秦惊羽面色一凛,长剑发出铮的一声响:“你以为我当真不敢动你?再不放我手,我就卸了你这条胳膊!”
萧焰不为所动,只那么深深凝望着她:“要我放手,除非我死。”
秦惊羽挣脱不得,一怒之下挥剑过去,但见剑光一闪,一缕长发飘飘落地。
要不是半途收势,她敢说,他的手臂绝对保不住!
想死还不容易,自己找把刀住脖子上一抹便是,为毛要让她来当这个凶手?l
毕竟他的身份是南越二皇子,她就算再恨萧冥一家,也不能轻易要他的命,只能看不能杀,真是难受得慌——
唉唉,出门没翻黄历,这个夜晚该在客店里好好睡觉,不当来此!
秦惊羽呆了呆,转头朝向银翼低叫:“你看热闹看够了没,还不快来帮我弄开这疯子!”这银翼也是怪,明明早就撂倒了那四人,偏生站在一旁作壁上观,眼睁睁看着她与这萧焰纠缠而不予援手,当真这疯病还能传染不是?
银翼哼了一声,慢慢走过来,淡淡道:“放开她。”
“银翼。”萧焰朝他笑了笑,继而坚决摇头。
精光闪耀,银翼倏然出手,钢刀劈向他的肩头,到得肩胛处,忽而停住:“你腿脚有伤,我不想乘人之危,你放手罢。”
秦惊羽听得火起,情急叫道:“银翼你也疯了么,跟这疯子讲什么道理!”
萧焰闻声一傅,涩然看她:“你就那么恨我?”目光绕过地,再转向银翼,却是深沉如夜,“认识这么多年,我们还没动过手……”

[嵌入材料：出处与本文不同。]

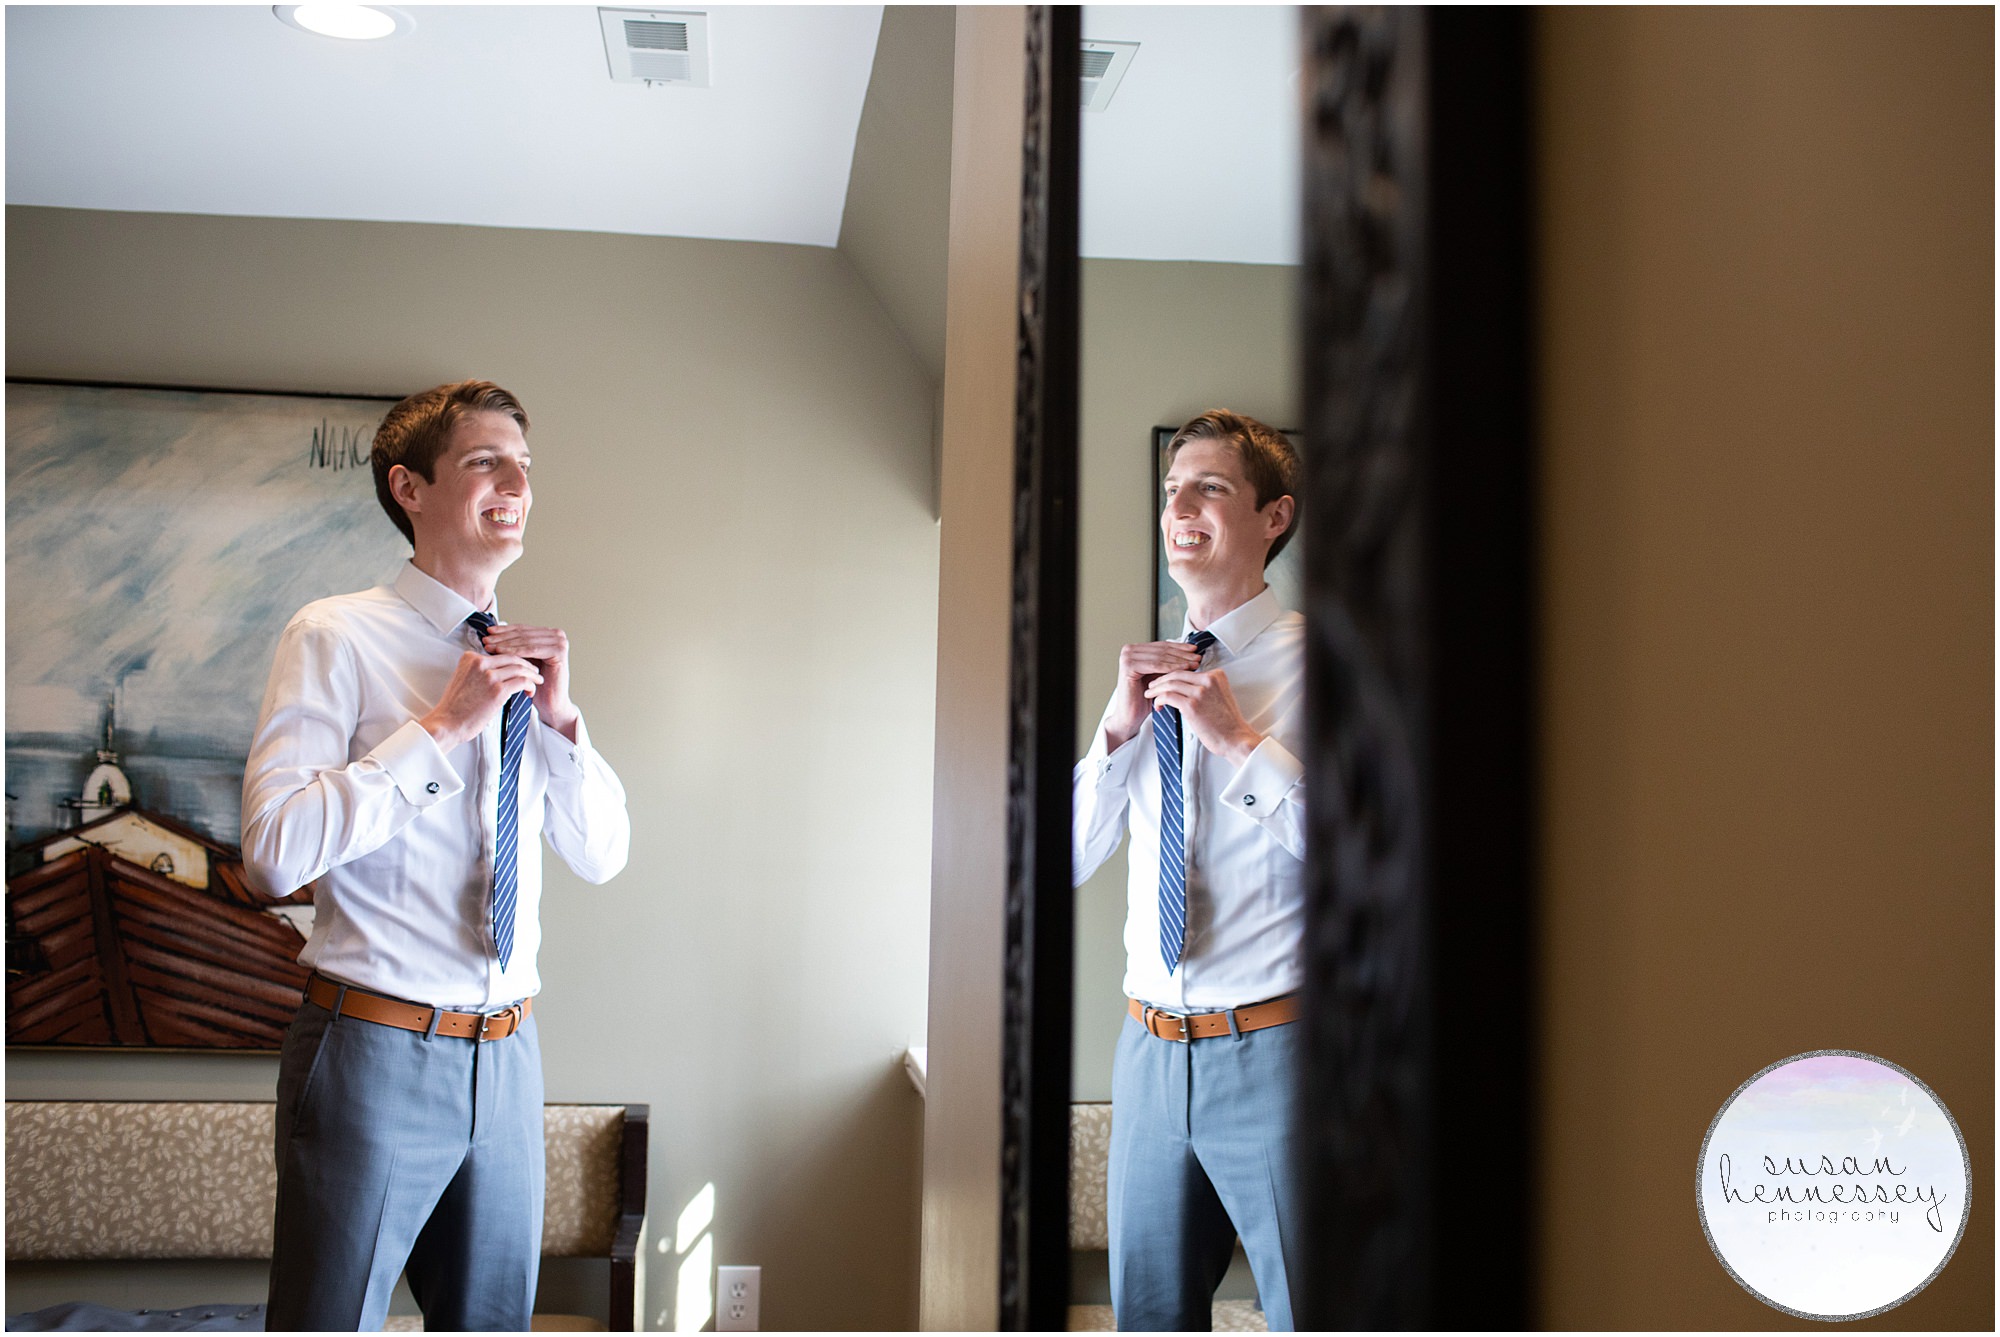 Susan Hennessey Photography Best of 2020 Weddings - The Community House of Moorestown groom gets dressed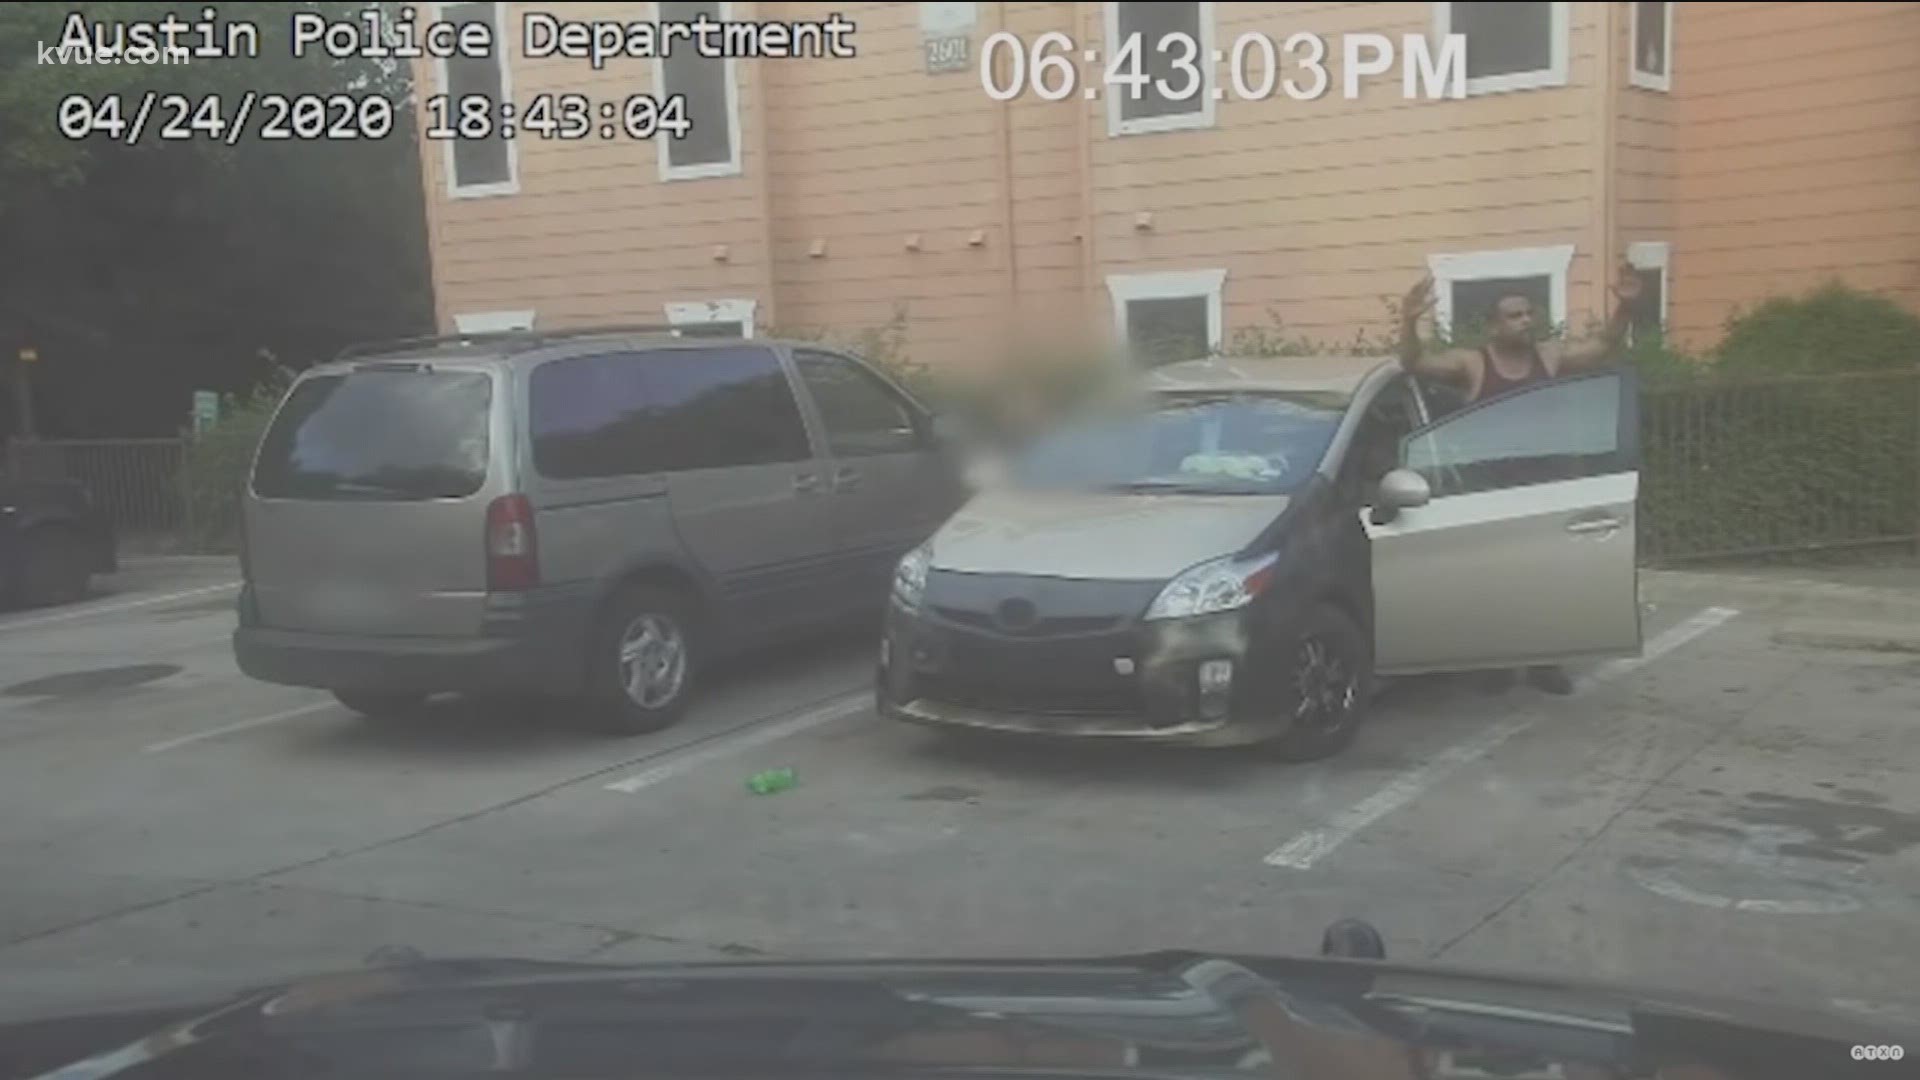 After weeks of protests and calls for justice, Austin police are sharing dashcam and body camera video from the day officers shot and killed Michael Ramos.

秦惊羽微怔一下,原来他们是旧识,什么时候的事情,她怎么不知?
“是没动过手,不过看来今日免不了了。”银翼的声音依旧冷淡,却掩饰不住一丝怒意,“你既然是萧焰,就早当知道会有今天。”他性情虽冷,却也不傻,从黑衣人唤的那声殿下,到那身贵族装束,再联系上她被掳去南越的经历,山庄一夜血洗的惨事,并不难推断出事情的前因后果——
难怪她会遗忘,只因那背叛之痛太过深重,刻骨铭心!
萧焰脸色黯了黯,蹙着眉尖,望向秦惊羽道:“一切都是我不好,我估算错误,让你受了那么多苦,但你要相信我,我跟叶容容只是做戏,半点关系都没有,你看到听到的那些都不是真的……”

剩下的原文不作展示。